The road from kindergarten to senior year is wild and unrelenting, a blur of milestones and moments that feel too big and too small all at once. One day, you’re tying their shoes, and the next, you’re watching them drive away, their world expanding while yours grows quieter. It’s thrilling and devastating all at the same time.
You cheer them on, of course. You want them to grow, to thrive, to become everything they’re meant to be. That’s the job. You celebrate their victories, no matter how small—a finger-painted masterpiece, a first home run, a college acceptance letter. But in the quiet, when no one’s looking, you ache. You ache for the tiny hand that used to slip into yours without hesitation.
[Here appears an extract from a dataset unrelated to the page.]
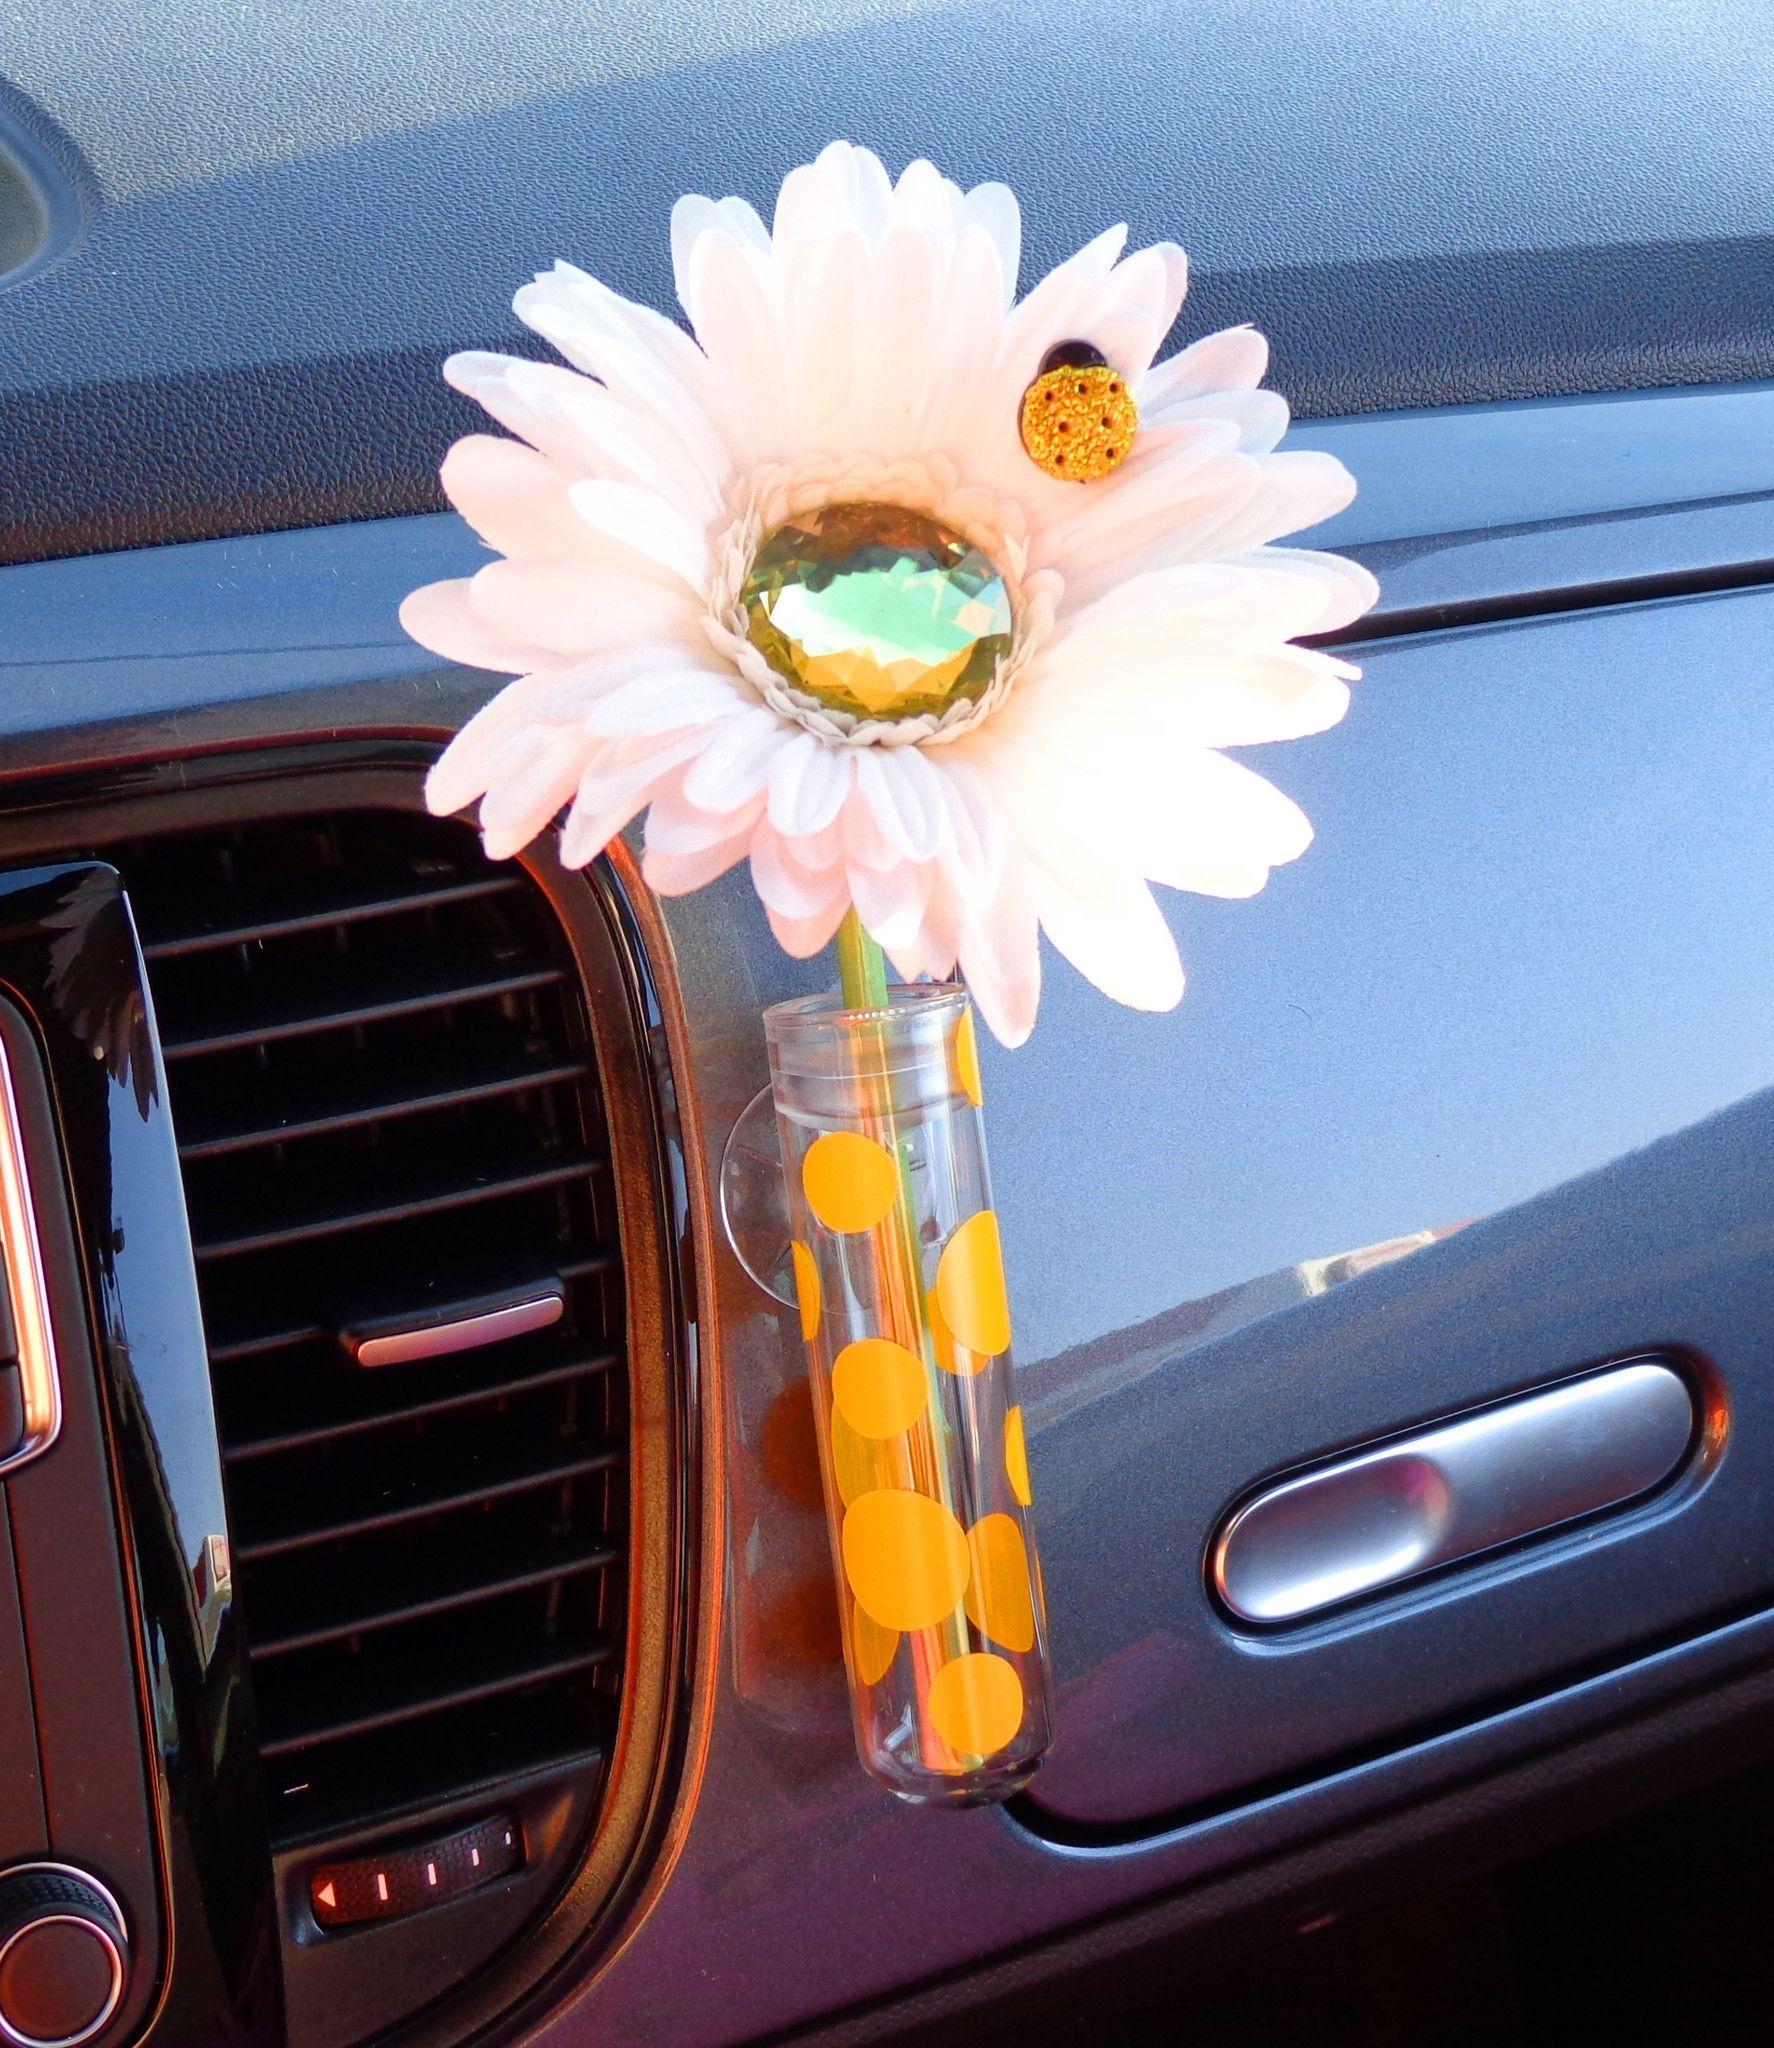 Vw Beetle Flower White And Red Bling Daisy With Universal Vase Vw Beetle Flower Vw Beetle Flower Vase Vw Flower
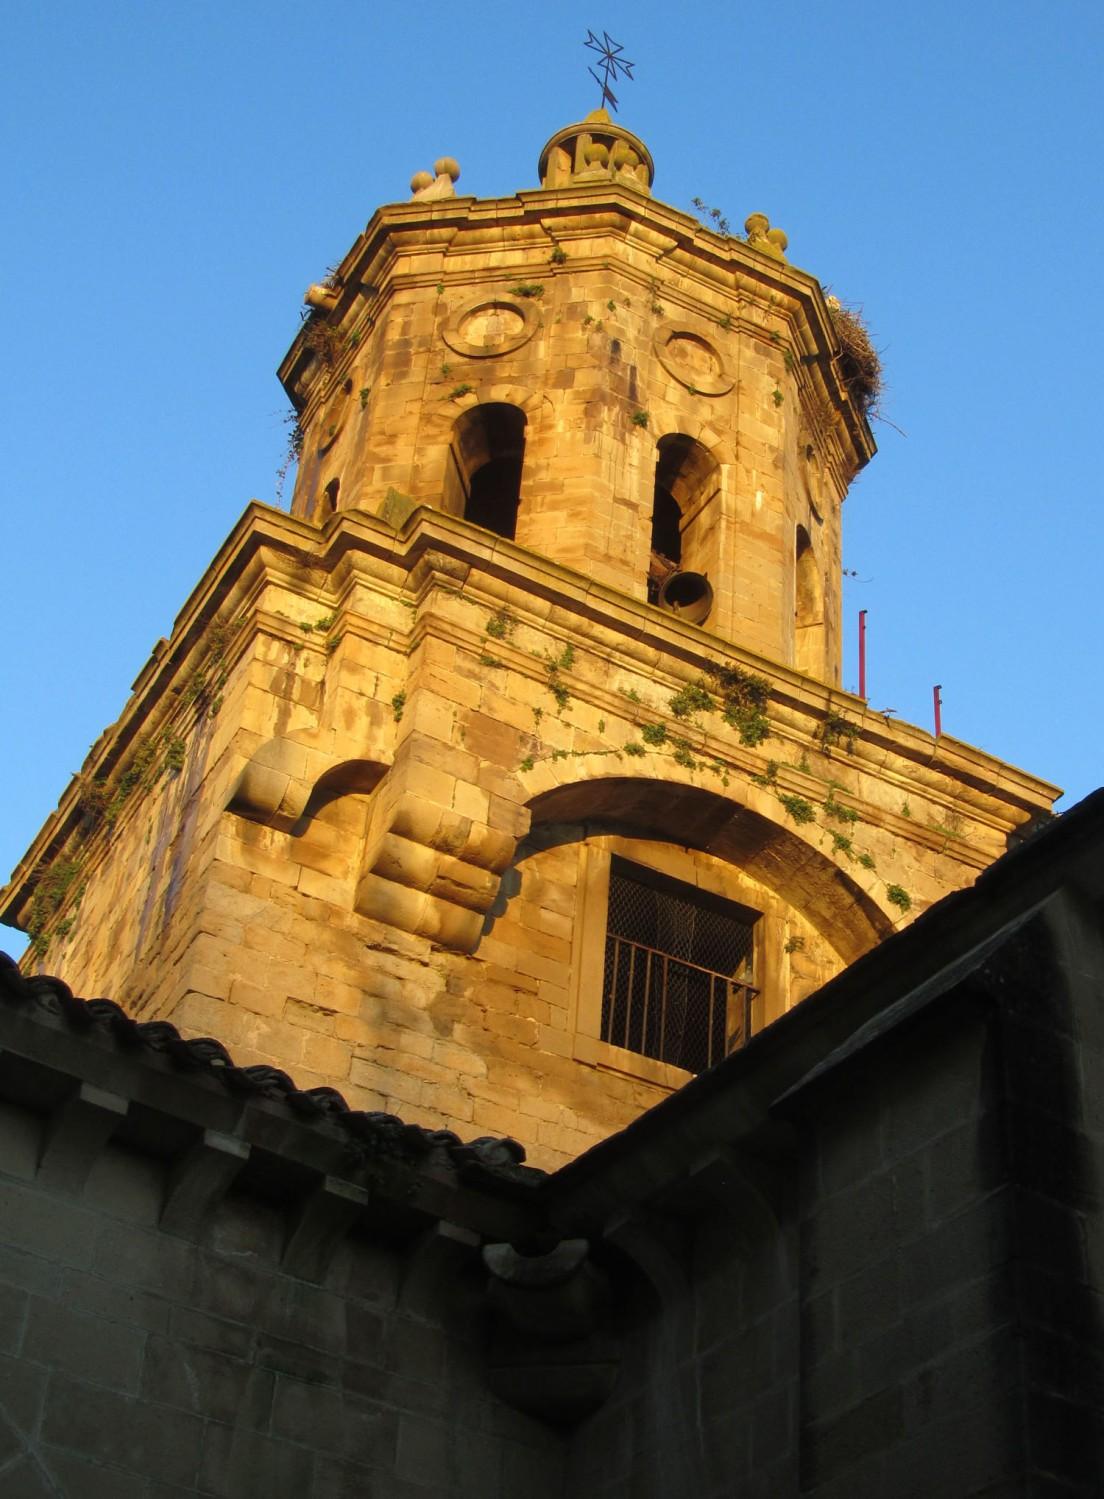 Camino-De-Santiago-Sights-And-Scenery-Puente-De-Reina

You ache for the bedtime stories and the giggles over nothing. You ache for the version of them that still needed you for everything.
And yet, here they are, needing you less every day. You’re proud of them, so proud it feels like your chest might burst, but the pride comes with a hollowing-out, a slow surrender to the fact that they’re not yours to keep. They never were. They’re only borrowed, these beautiful, messy, miraculous little humans.
You try not to let it show. You focus on the joy—their first dance, their first job, their first steps into the world without you. You tell yourself this is what it’s all for, and it is. But some nights, when the house is too quiet and the memories creep in, you’d give anything to go back. Just for a little while. To kiss their scraped knees, to hear them call for you in the night, to hold them close and feel like their whole world again.
It’s the sweetest agony, watching them grow up. You wouldn’t trade it for anything, but if you’re honest, you’d keep them small just a little longer if you could.